* [Try it] Omit the pictures and return exactly the stretch of the material below from the line with "Envelope C4 Mock-Ups - Stationery Print" through the line with "RAK Cubis Black Towel Rail Measurements".

* [Input data]
'''
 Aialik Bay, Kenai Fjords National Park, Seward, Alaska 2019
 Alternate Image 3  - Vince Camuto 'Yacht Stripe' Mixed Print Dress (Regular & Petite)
'''
'''
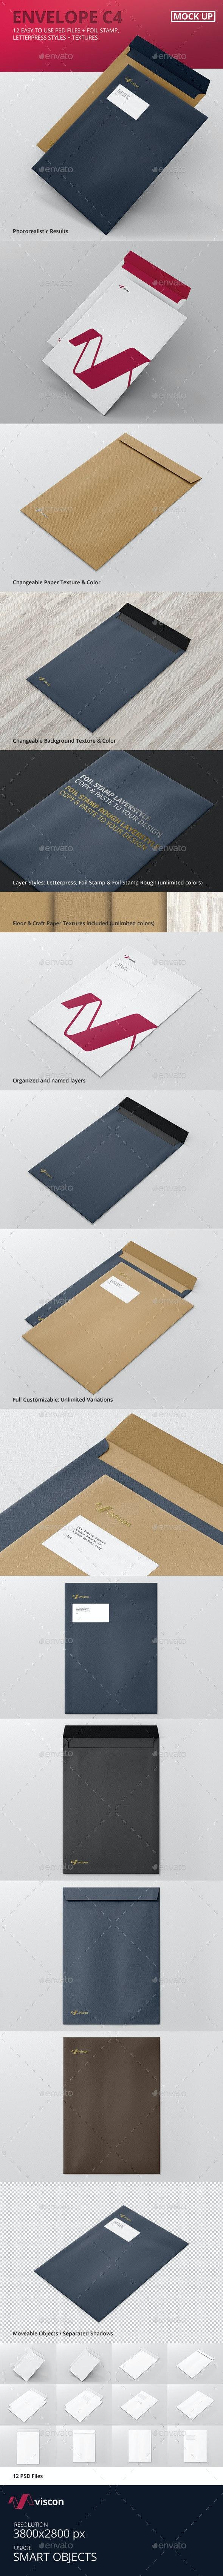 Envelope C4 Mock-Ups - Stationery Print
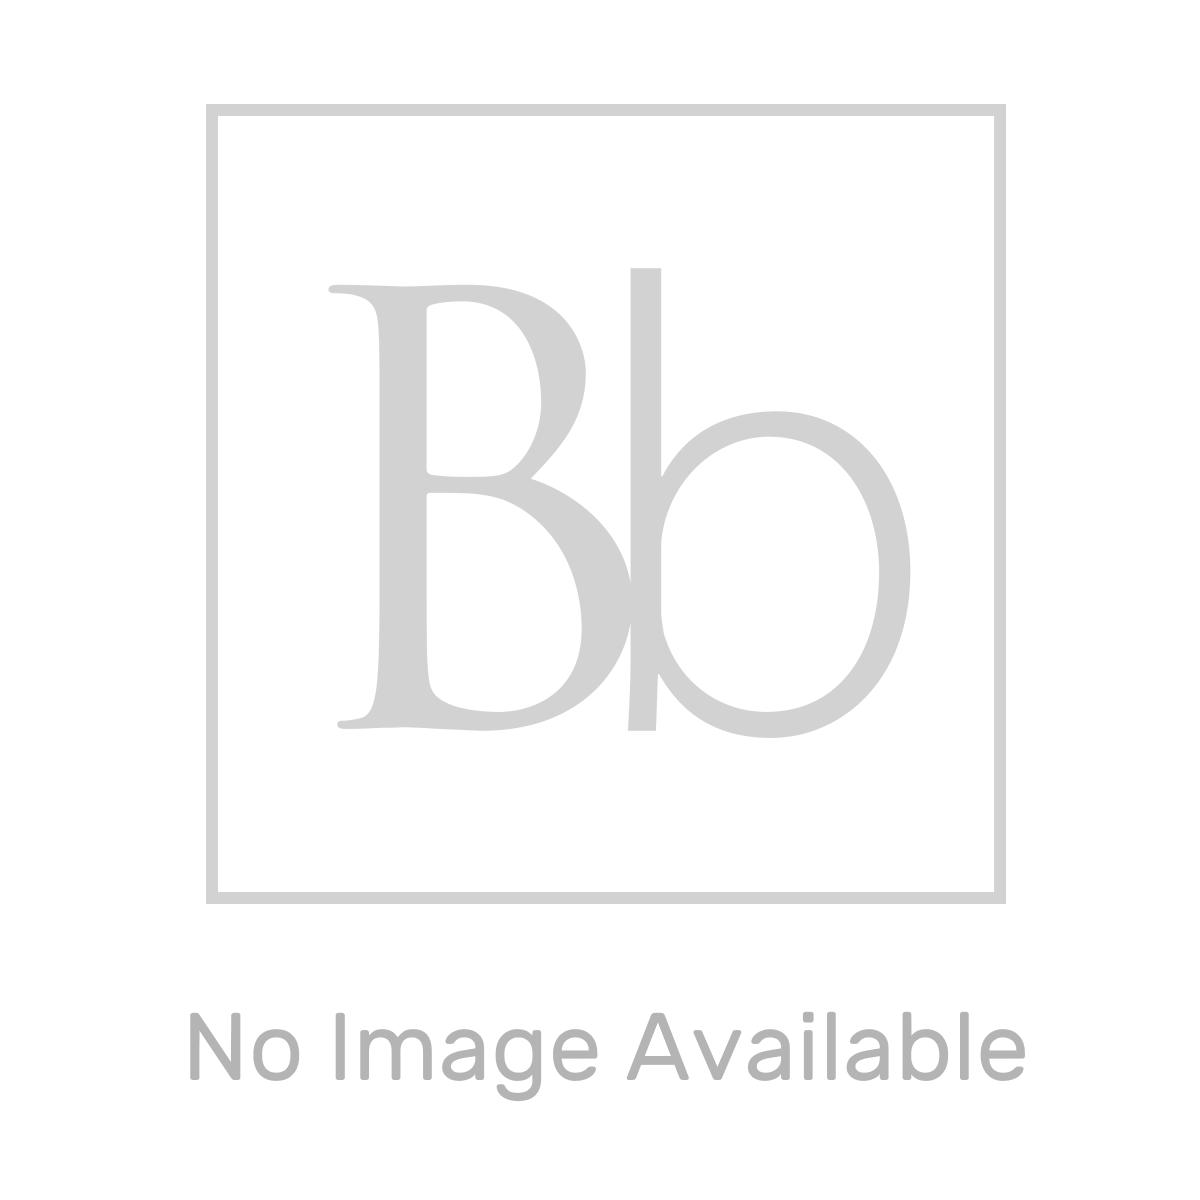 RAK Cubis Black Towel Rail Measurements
'''
* [Solution for this task]
 Envelope C4 Mock-Ups - Stationery Print
 RAK Cubis Black Towel Rail Measurements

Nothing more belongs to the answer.